An analytical approach to the problems of phage recombination and reproduction: II. High negative interference

Abstract Experimental data on high negative interference (Chase and Doermann, 1958) are analyzed. On the basis of a model, the switch hypothesis, presented by Chase and Doermann (1958) , and some simplifying assumptions, a mathematical theory is developed which makes it possible to take high negative interference into account when analyzing crosses and related phenomena involving more than two closely linked genetic markers. Two parameters are involved in the theory: (1) the average length R of an area with high crossover frequency (switch area) and (2) the reciprocal value s of the mean number of crossovers per map unit in such areas.

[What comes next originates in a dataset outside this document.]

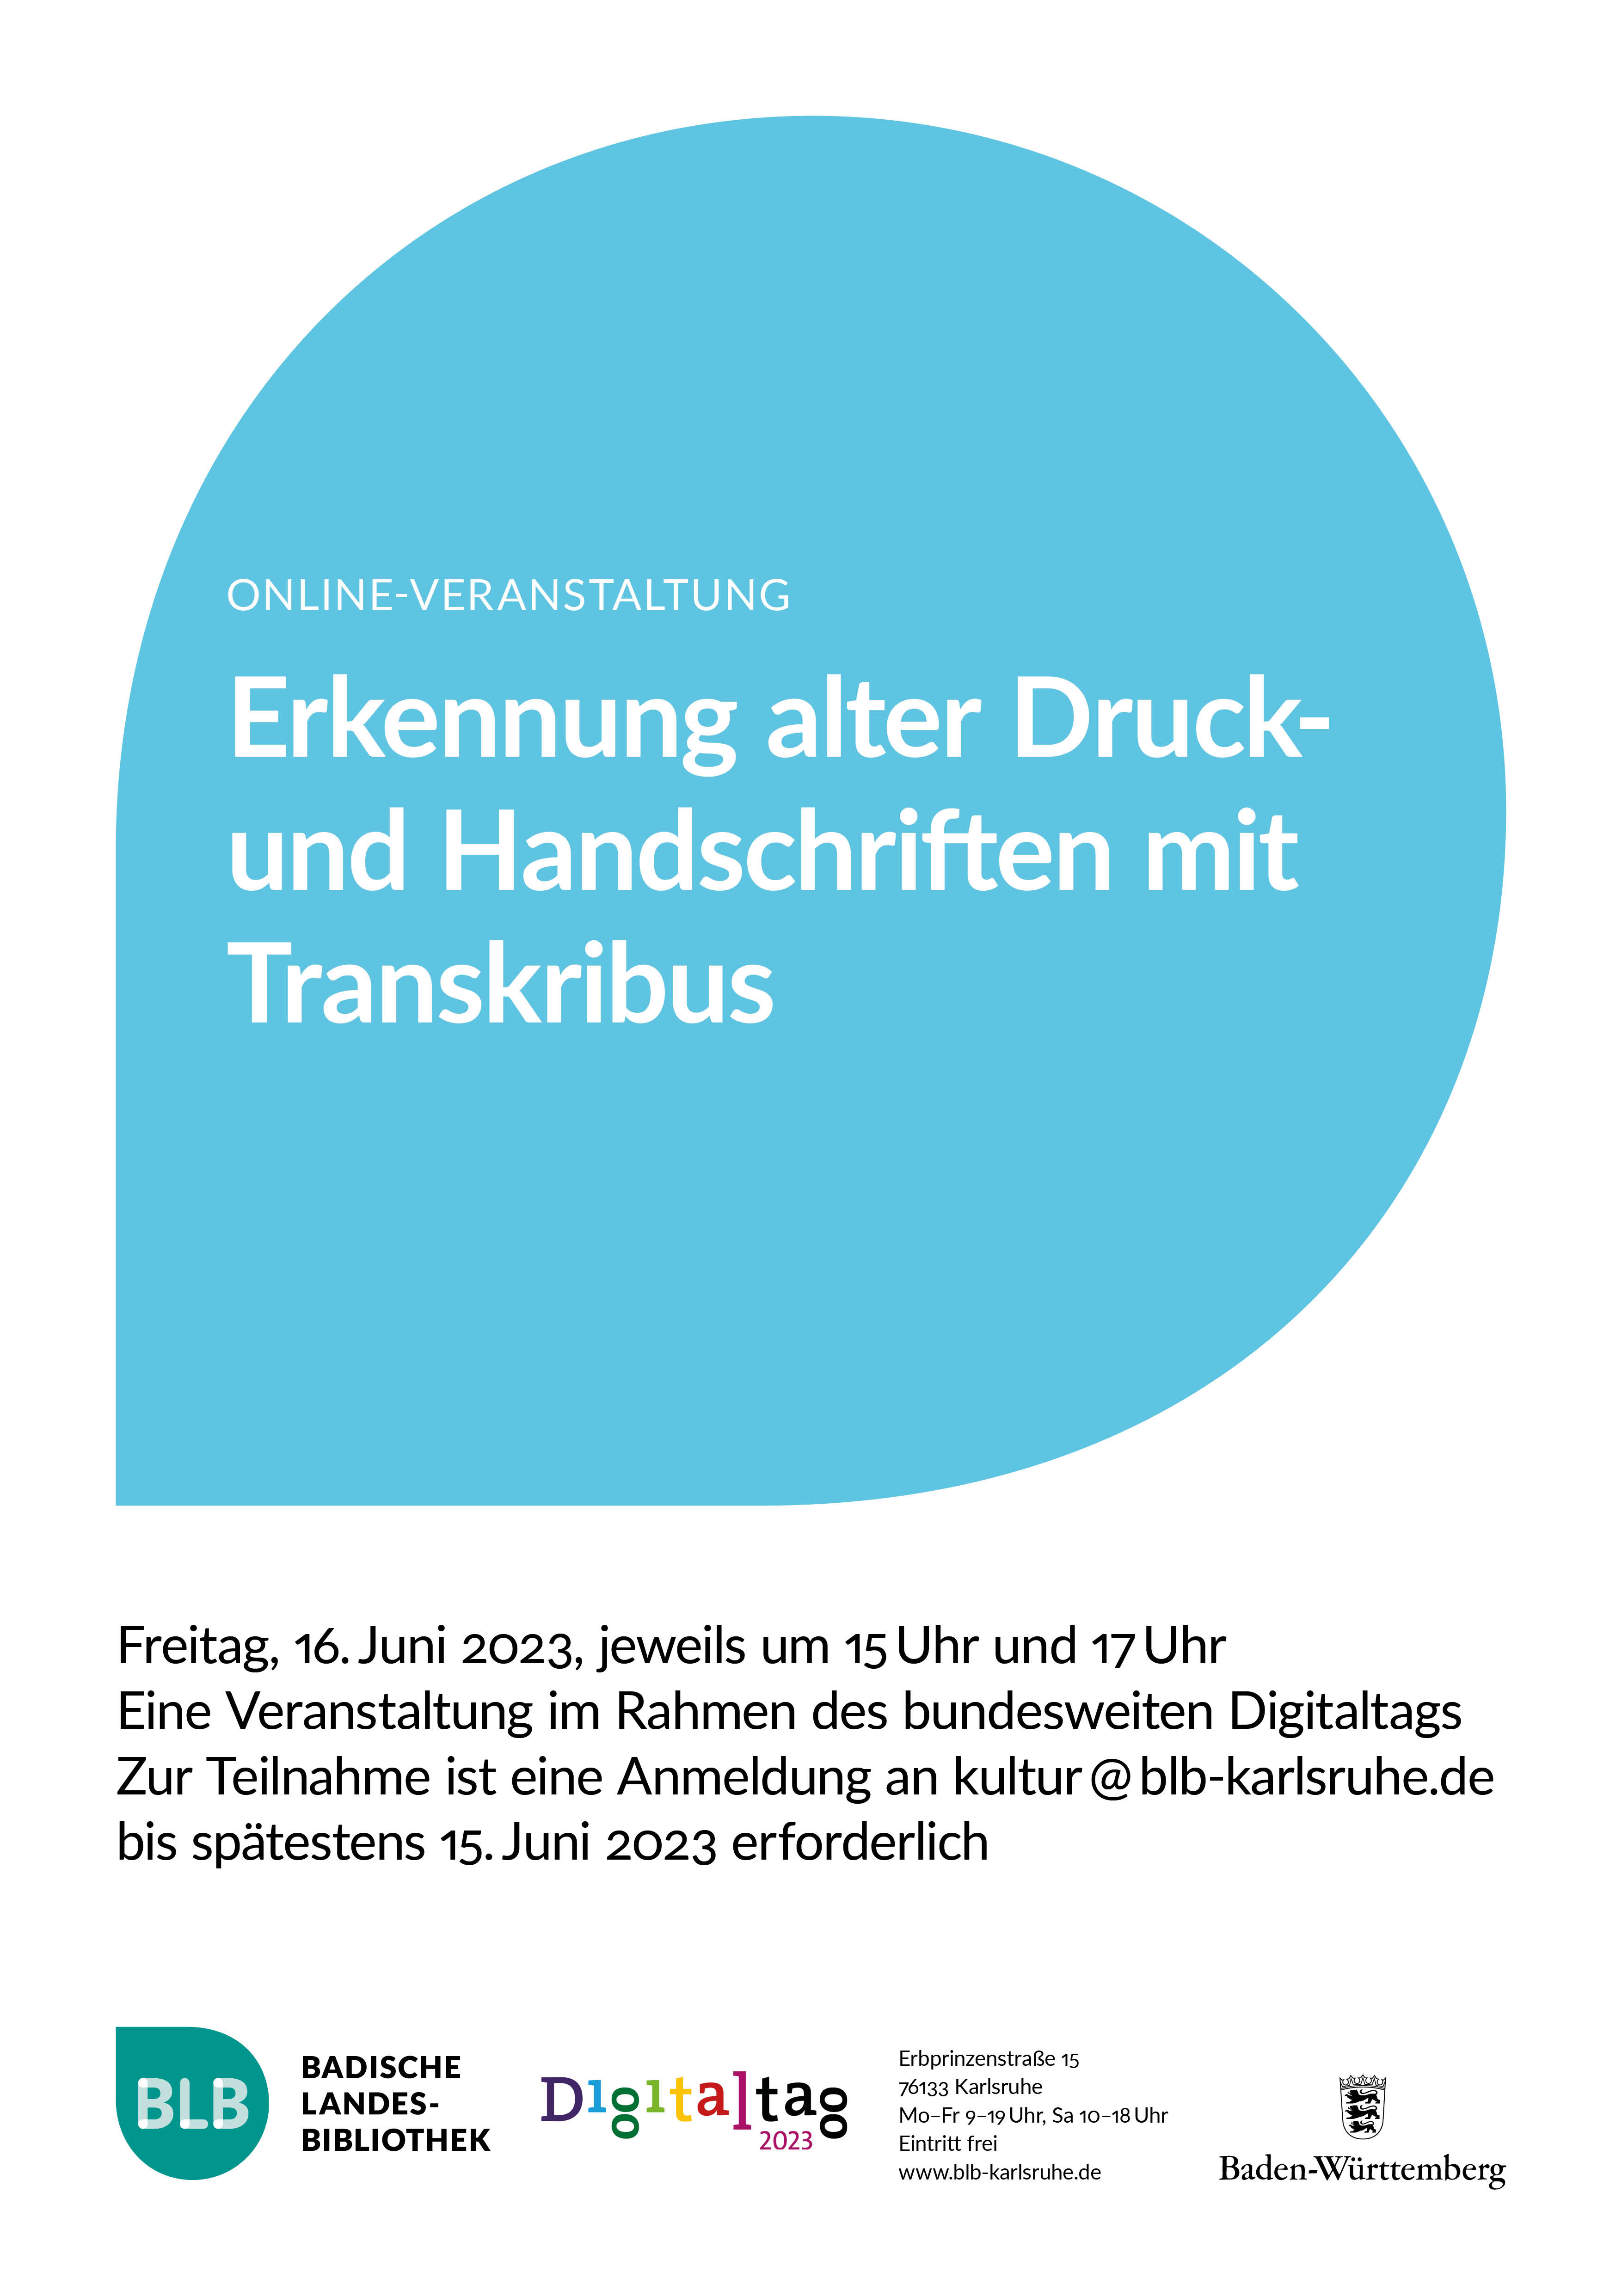 Zu sehen ist ein blaues Monogon mit der Aufschrift "Erkennung alter Druck- und Handschriften mit Transkribus". Die Online-Veranstaltung findet am Freitag, dem 16. Juni 2023 jeweils um 15 und um 17 Uhr statt. 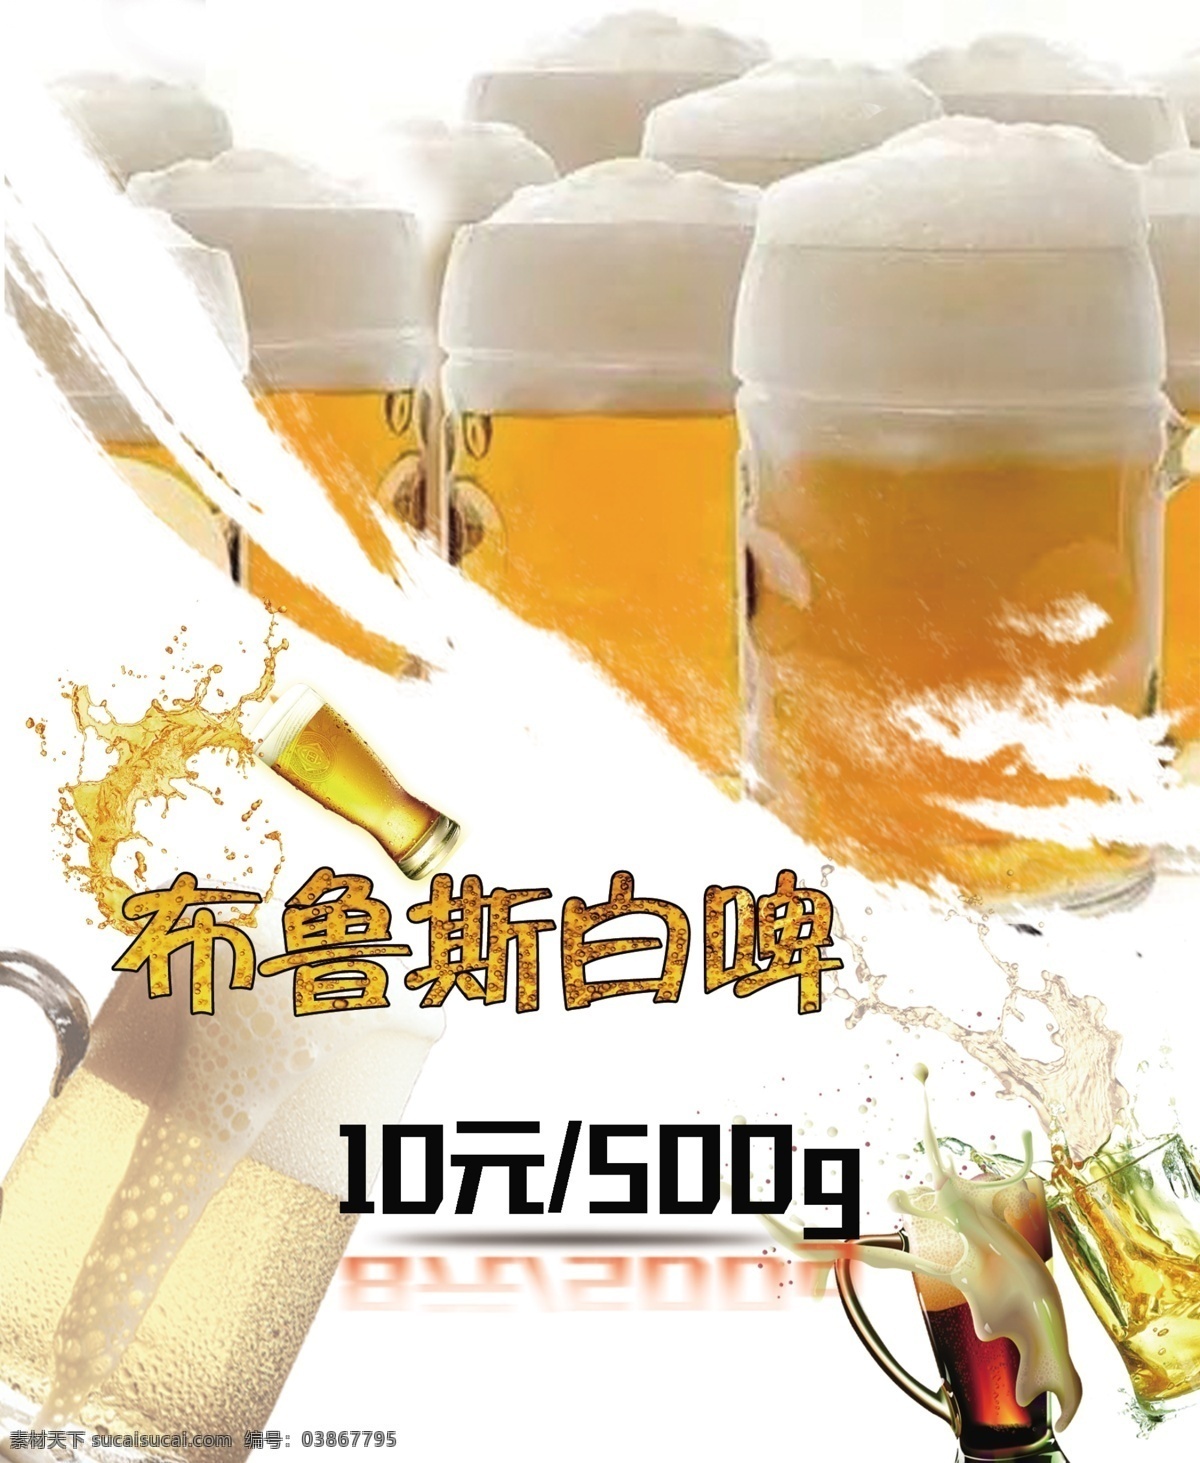 酒吧饭店灯箱 啤酒 鲜啤 花甲 小龙虾 灯箱 海报 中国风 个性字体

Their respective values in T4 are approximately R = 4 MU and s = 6 MU (MU = map unit). In the discussion of the theoretical aspects of high negative interference, it is shown that partial-replica models of a fairly general type can, at least qualitatively, account for the high negative interference phenomena described by Chase and Doermann (1958) . Moreover, it is shown that the partial-replica models predict various phenomena, such as: (1) induction of a switch area by infection with partial heterozygotes; (2) clonality of recombinants of a different type and with different characteristics than the one resulting from duplication of a recombined genome; (3) clonality of heterozygotes; (4) triparental high negative interference. The first phenomenon has been detected by Edgar (1957) . Clonality of recombinants of the type predicted is strongly suggested by the data published by Hershey and Rotman (1949) and by Epstein (1958) . The situation concerning the triparental high negative interference and the clonality of heterozygotes is not yet decided. In the Appendix, a mathematical treatment of the switch hypothesis is presented.